**What you are asked to do**
The required result is an exact copy of every line from the one with "ramraj-boys-mandarin-collar-clothing-set" through the last line below, with the pictures left out.

**Supplied data**
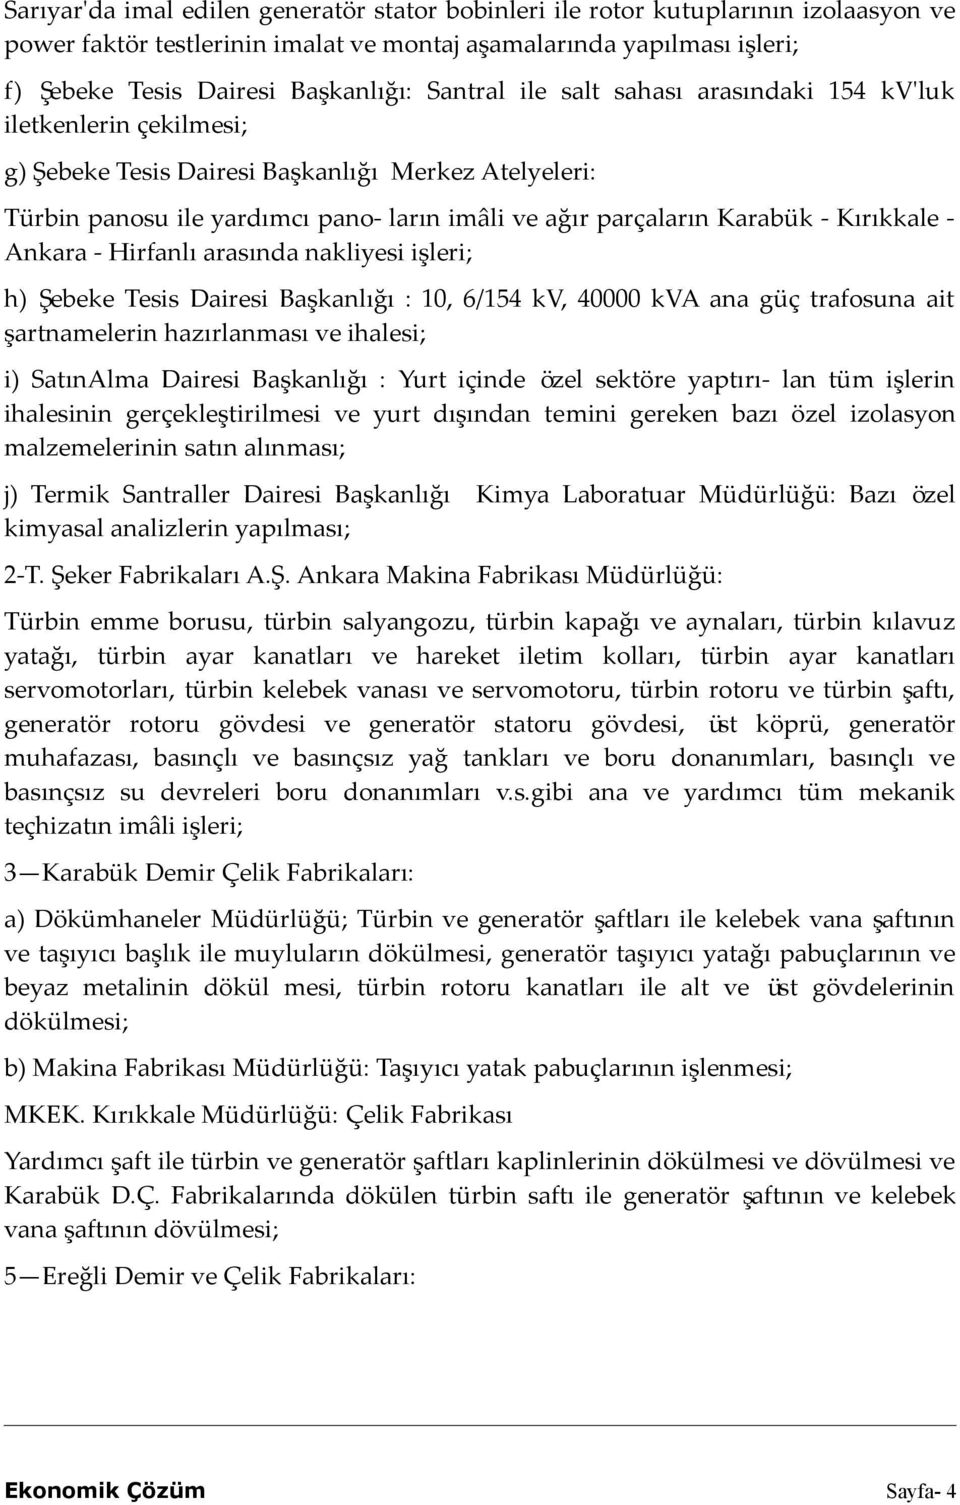 Kırıkkale - Ankara - Hirfanlı arasında nakliyesi işleri; h) Şebeke Tesis Dairesi Başkanlığı : 10, 6/154 kv, 40000 kva ana güç trafosuna ait şartnamelerin hazırlanması ve ihalesi; i) SatınAlma Dairesi
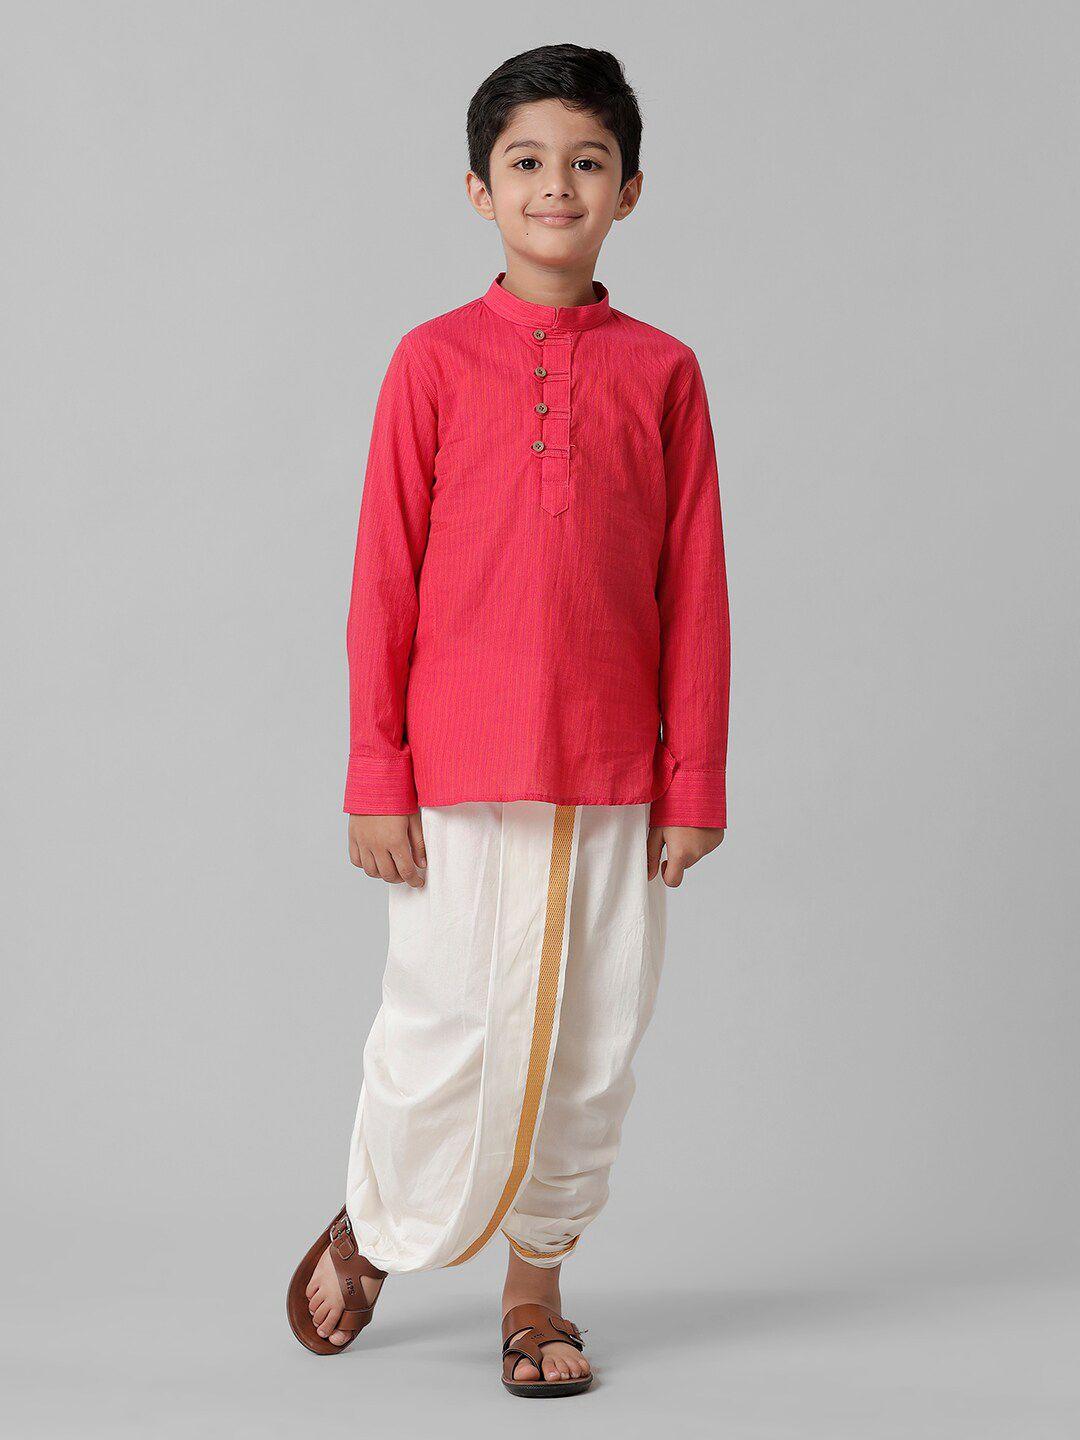 ramraj-boys-mandarin-collar-clothing-set
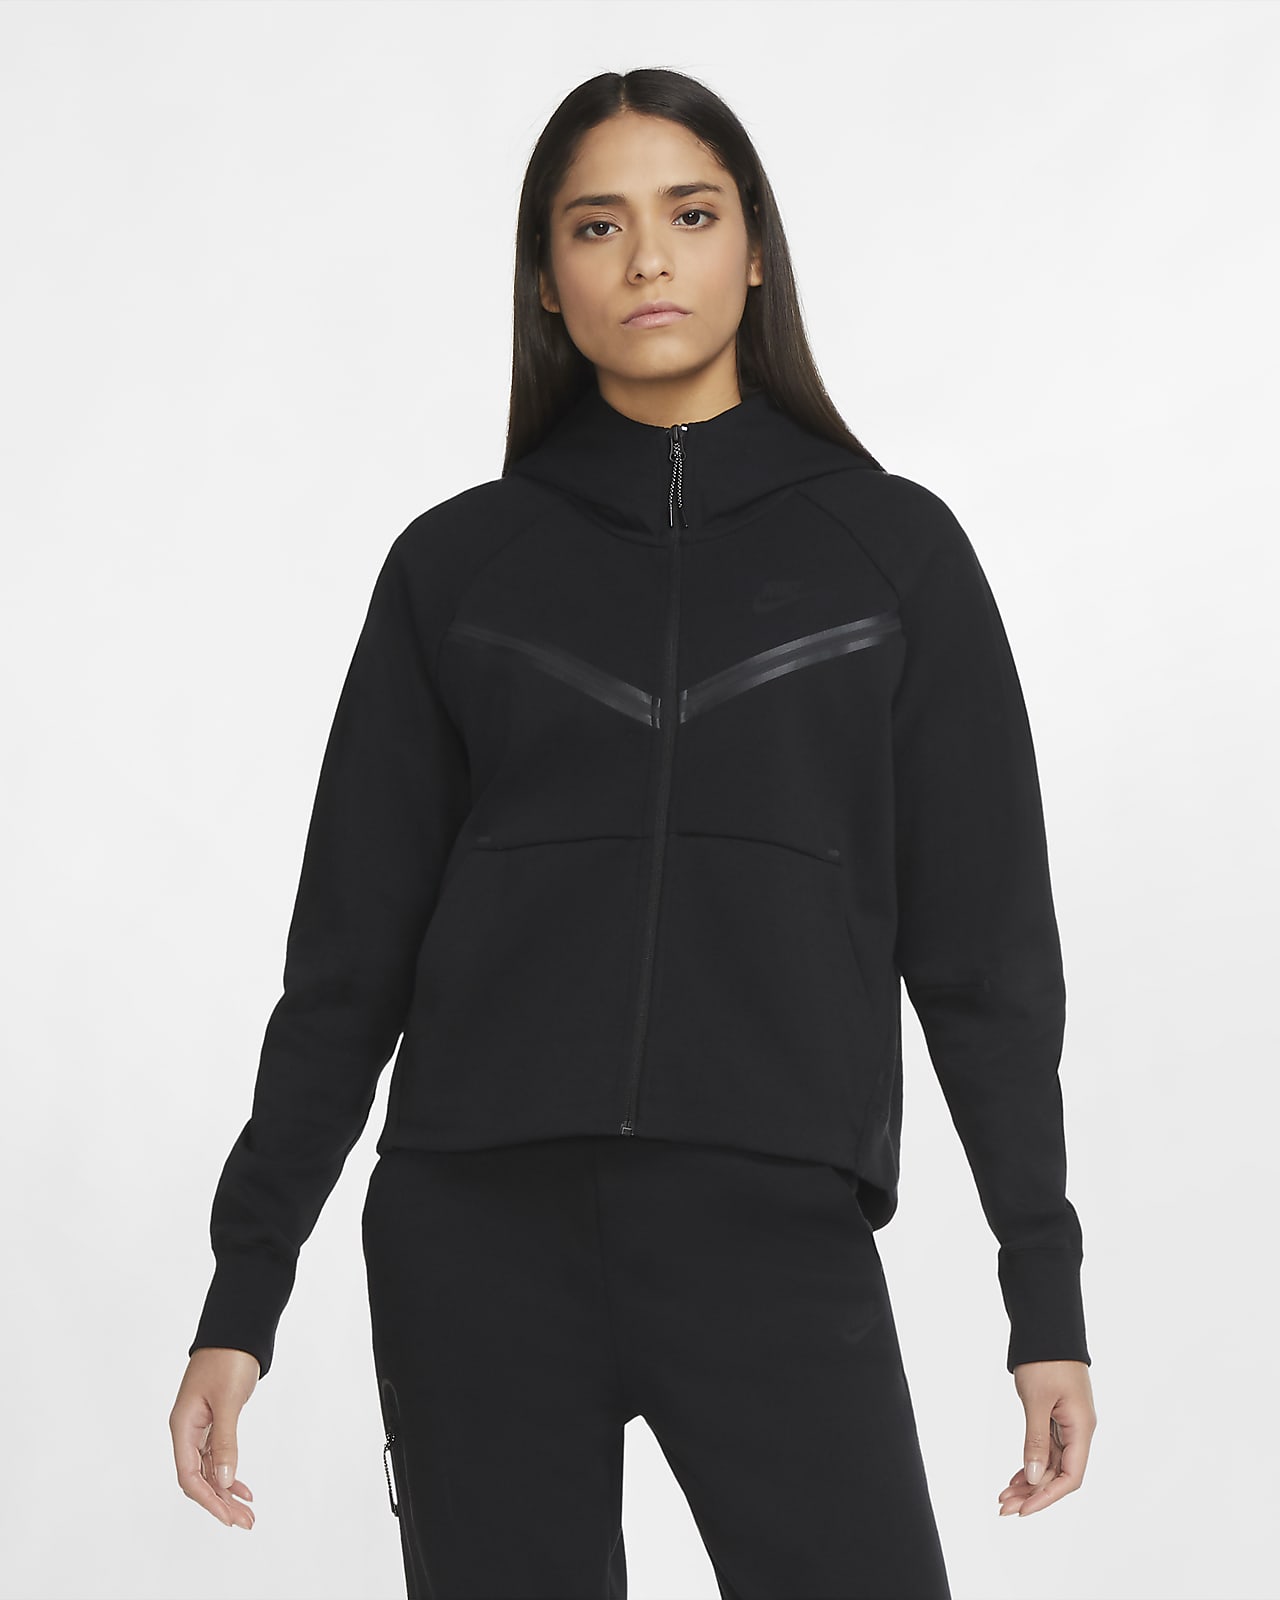 nike sportswear windrunner tech fleece sherpa hoodie

**Response area**
 ramraj-boys-mandarin-collar-clothing-set
 nike sportswear windrunner tech fleece sherpa hoodie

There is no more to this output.